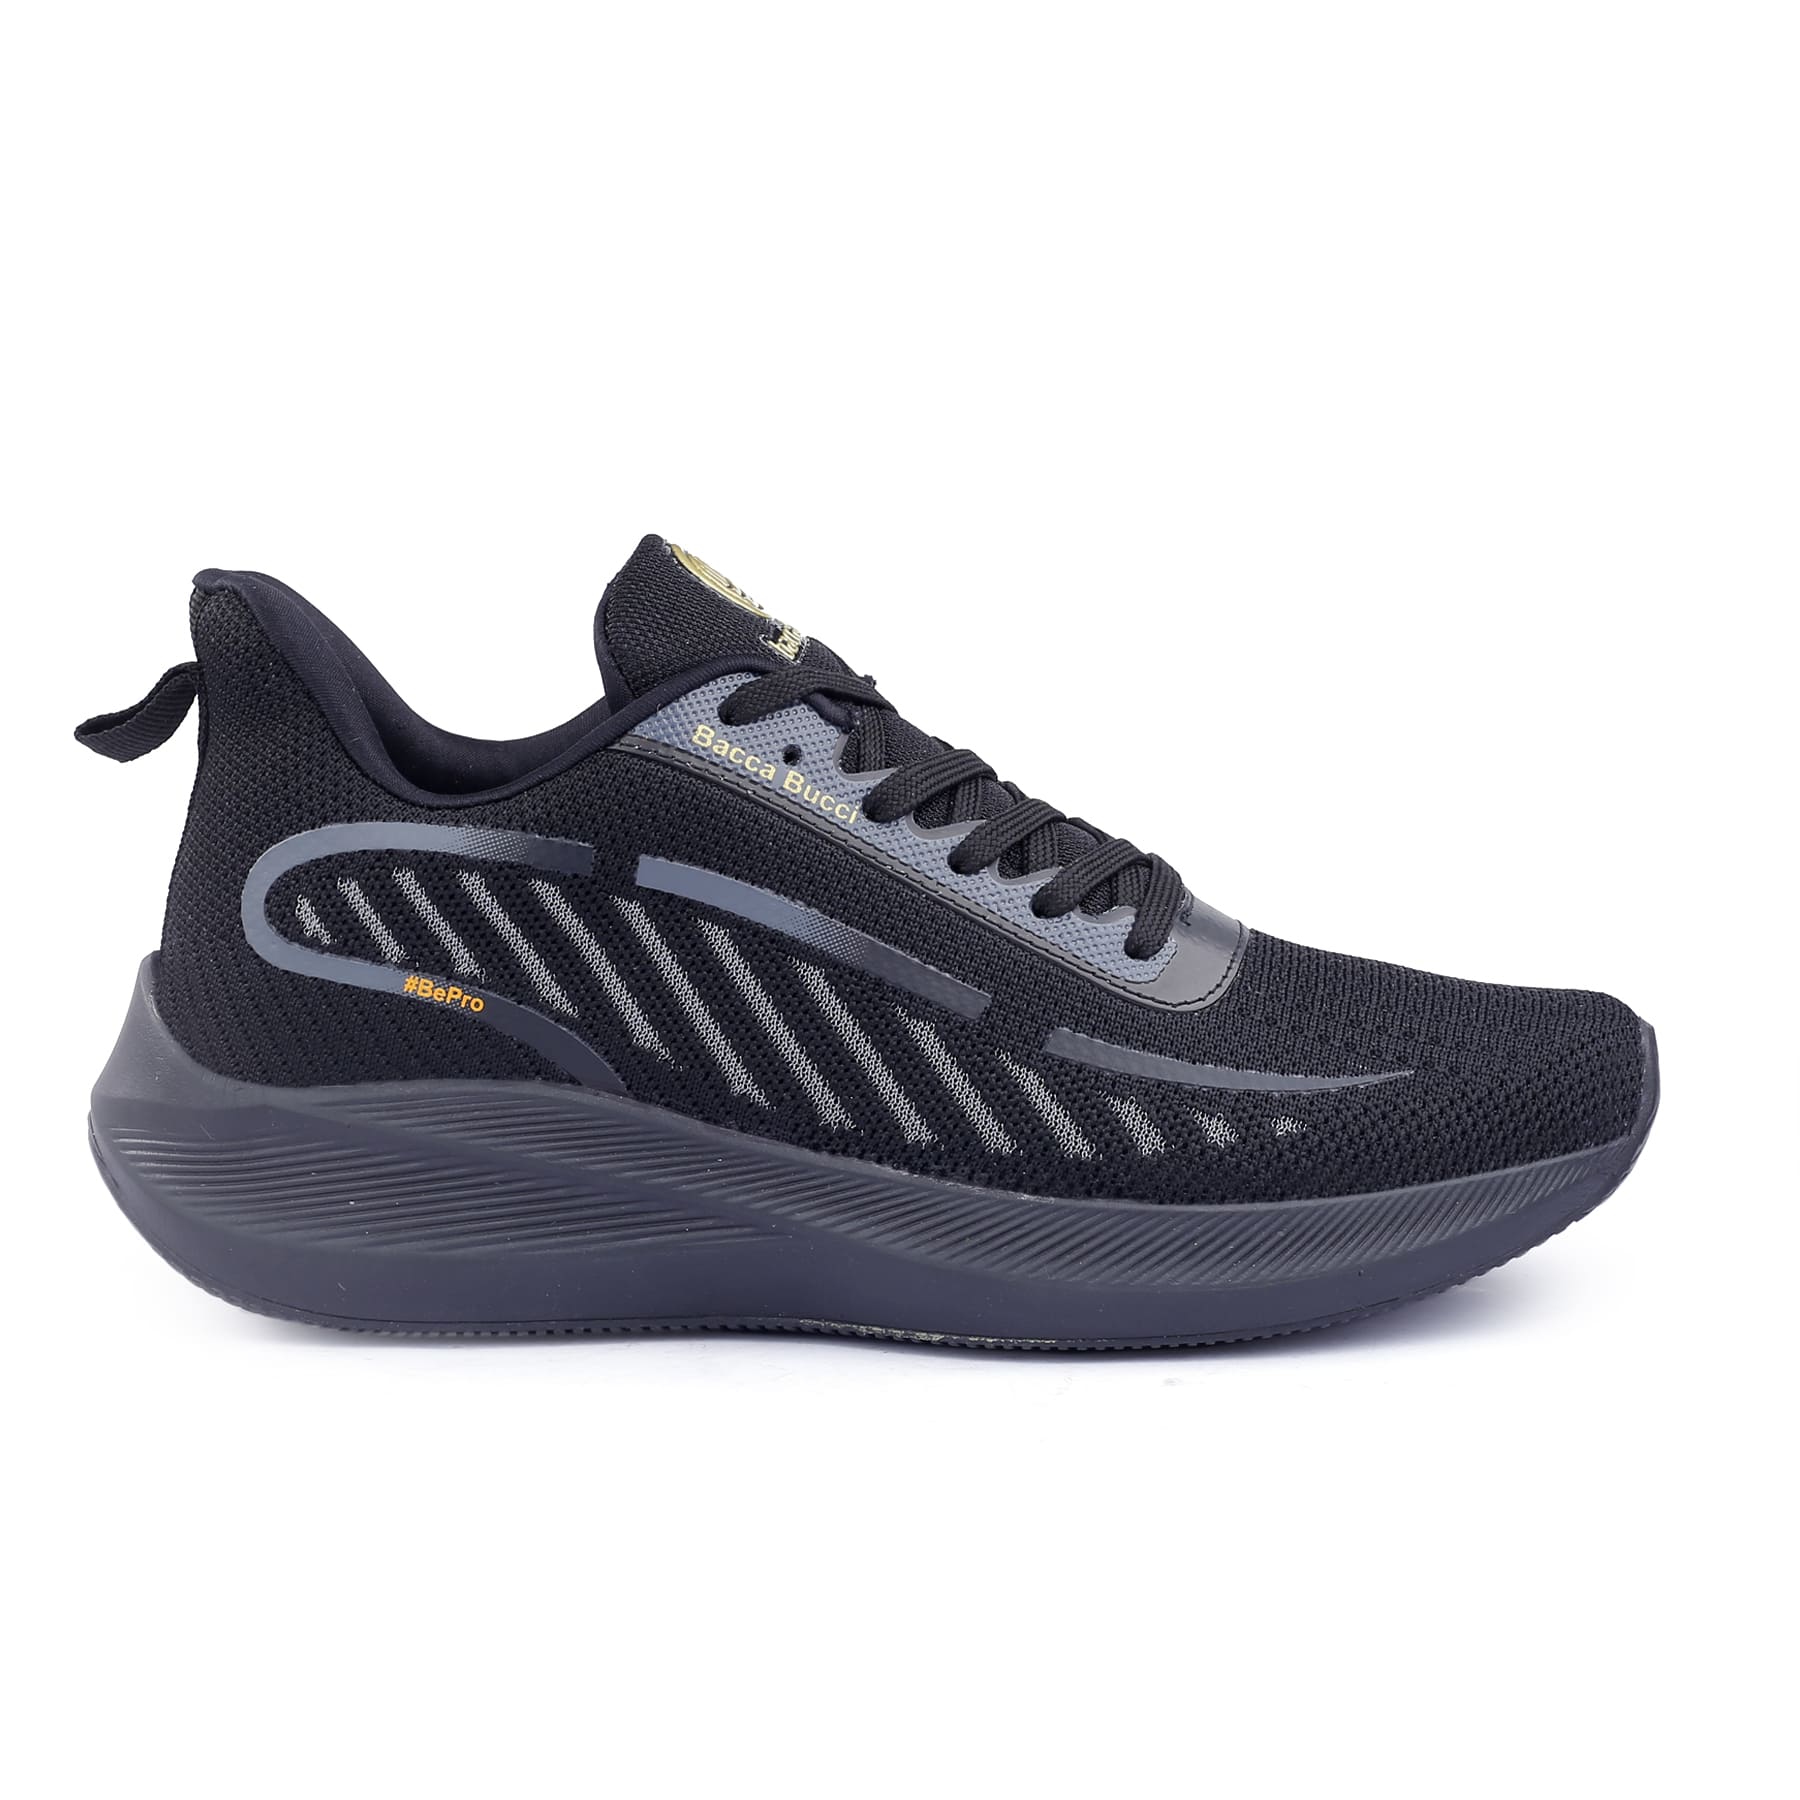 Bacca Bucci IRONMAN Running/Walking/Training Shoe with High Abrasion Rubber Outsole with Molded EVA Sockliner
————————
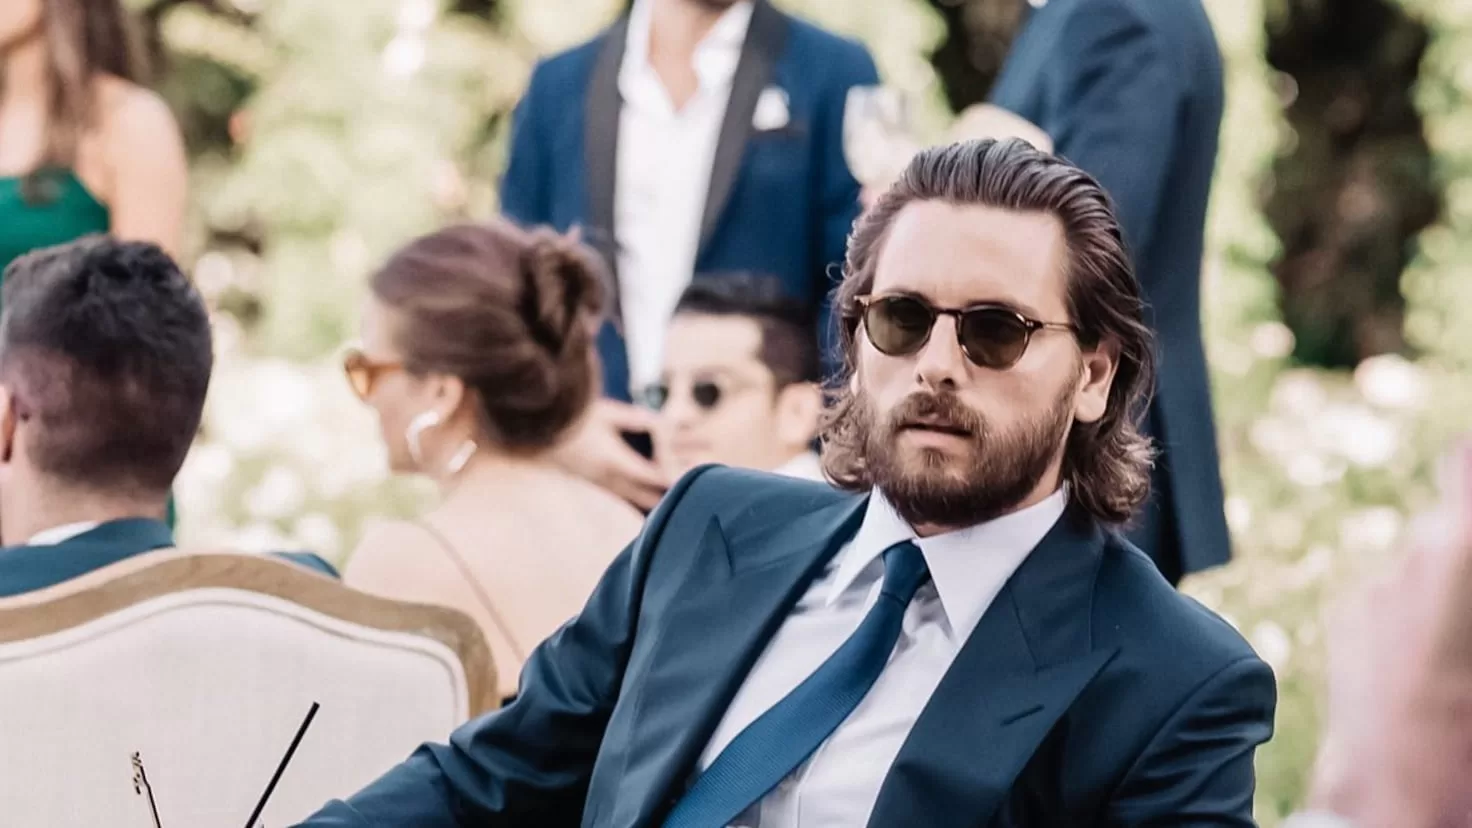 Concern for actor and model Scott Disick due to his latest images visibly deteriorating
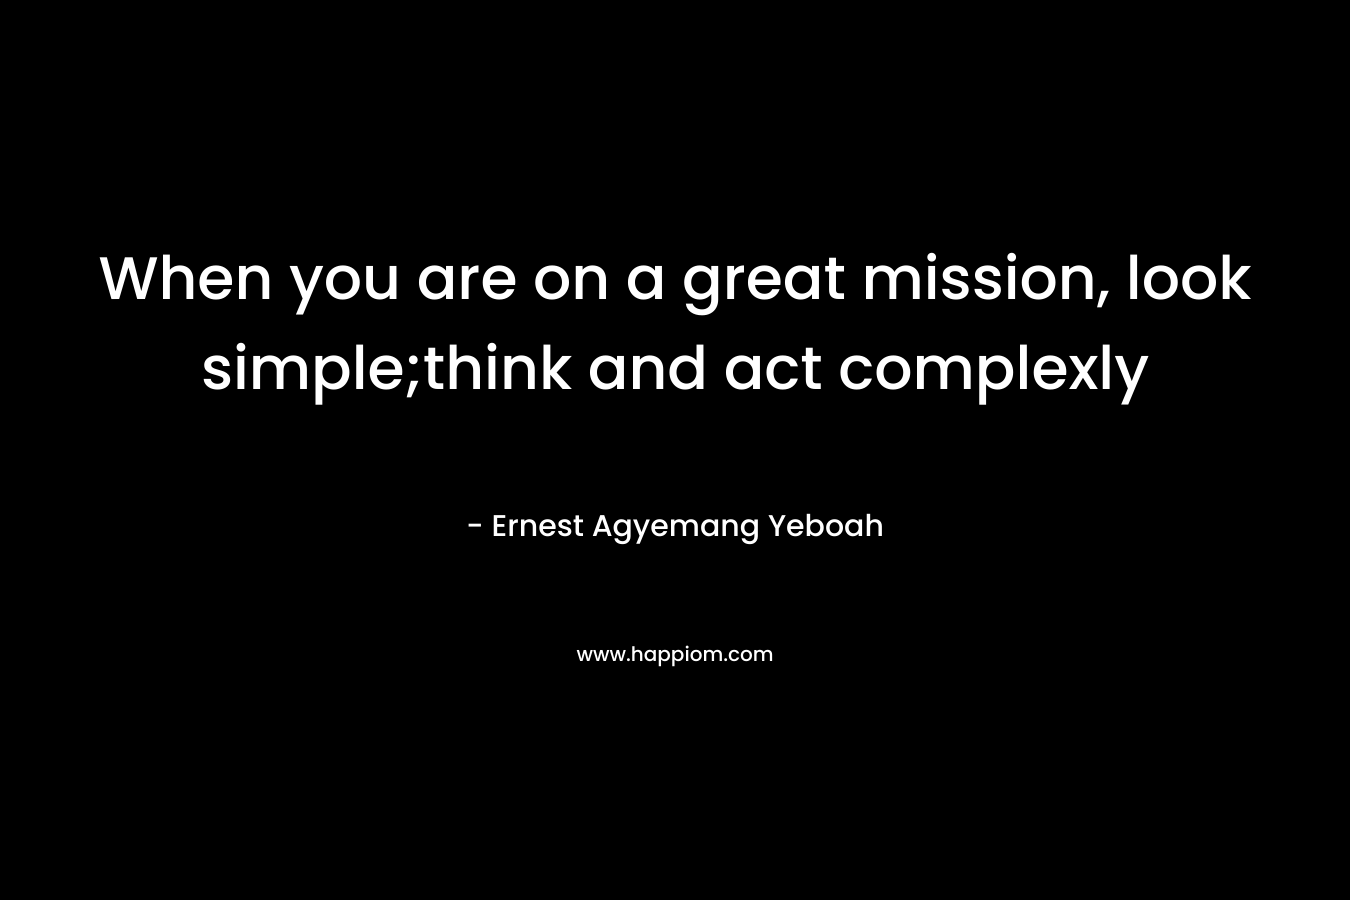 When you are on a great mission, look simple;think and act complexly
————————
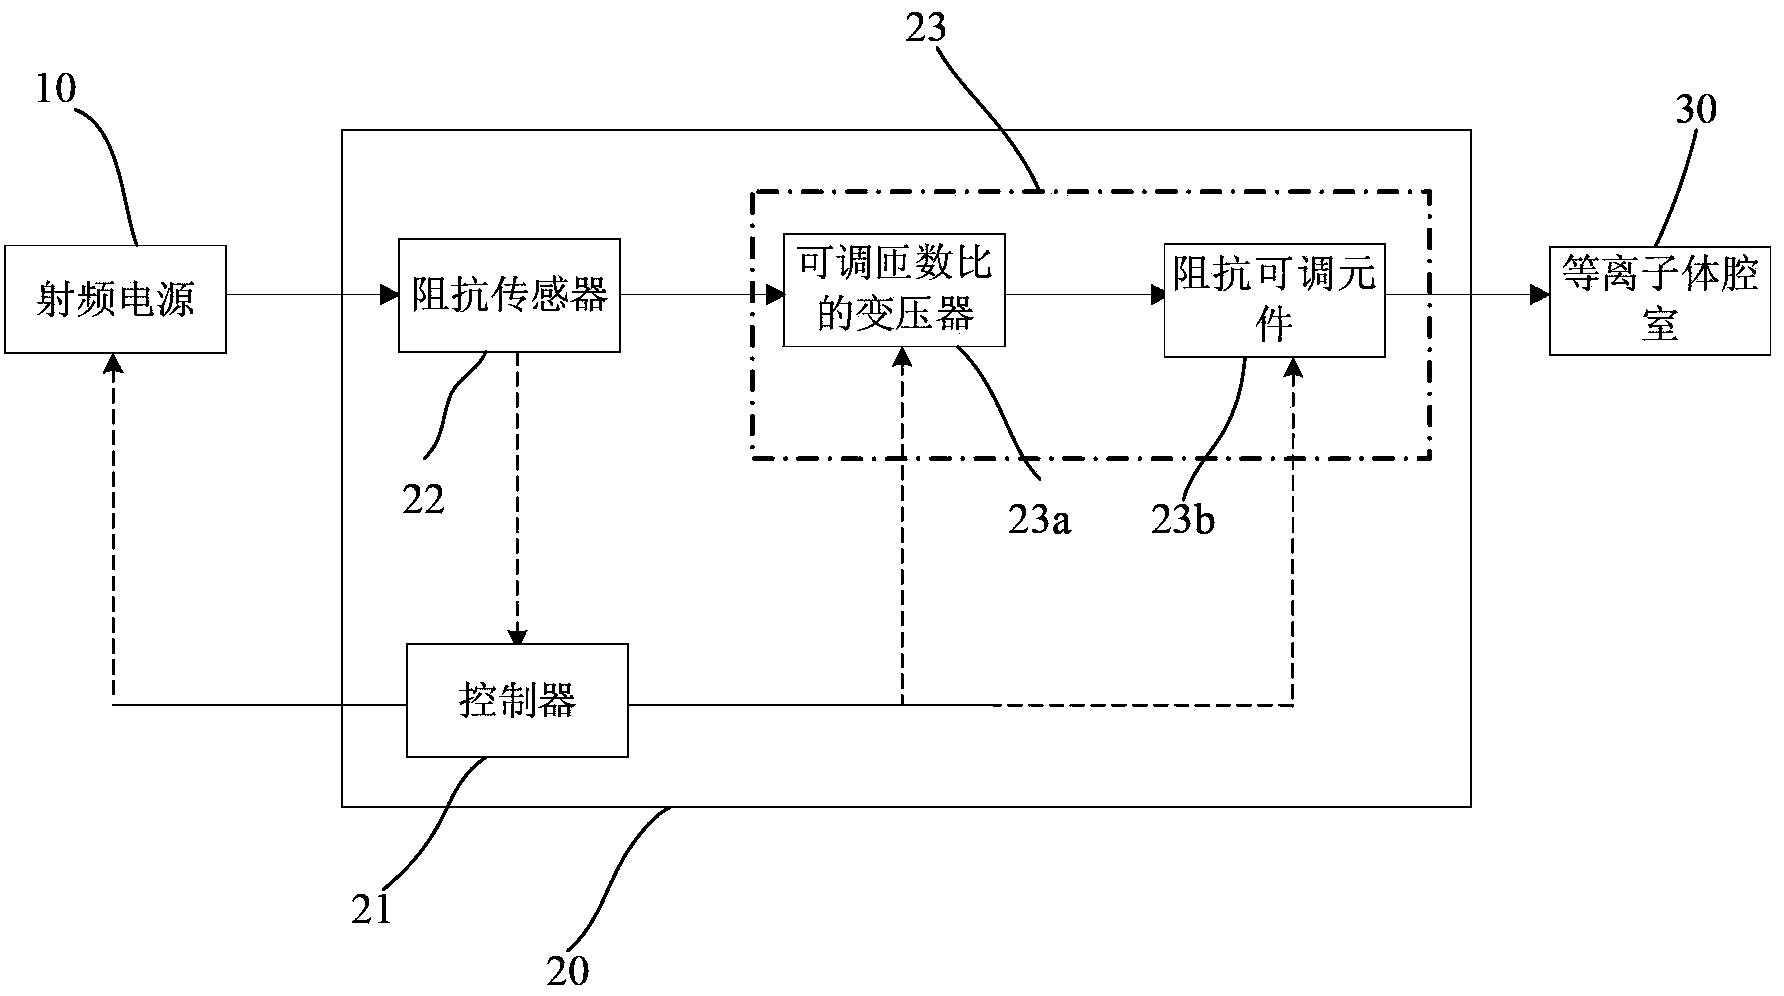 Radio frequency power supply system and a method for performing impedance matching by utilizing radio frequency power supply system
————————
ACTION ITEM —
Look above for the line containing "Concern for actor", then copy exactly from it through the line containing "When you are", keeping both and leaving out pictures. Add nothing else.

RESULT OF THIS TASK —
 Concern for actor and model Scott Disick due to his latest images visibly deteriorating
 When you are on a great mission, look simple;think and act complexly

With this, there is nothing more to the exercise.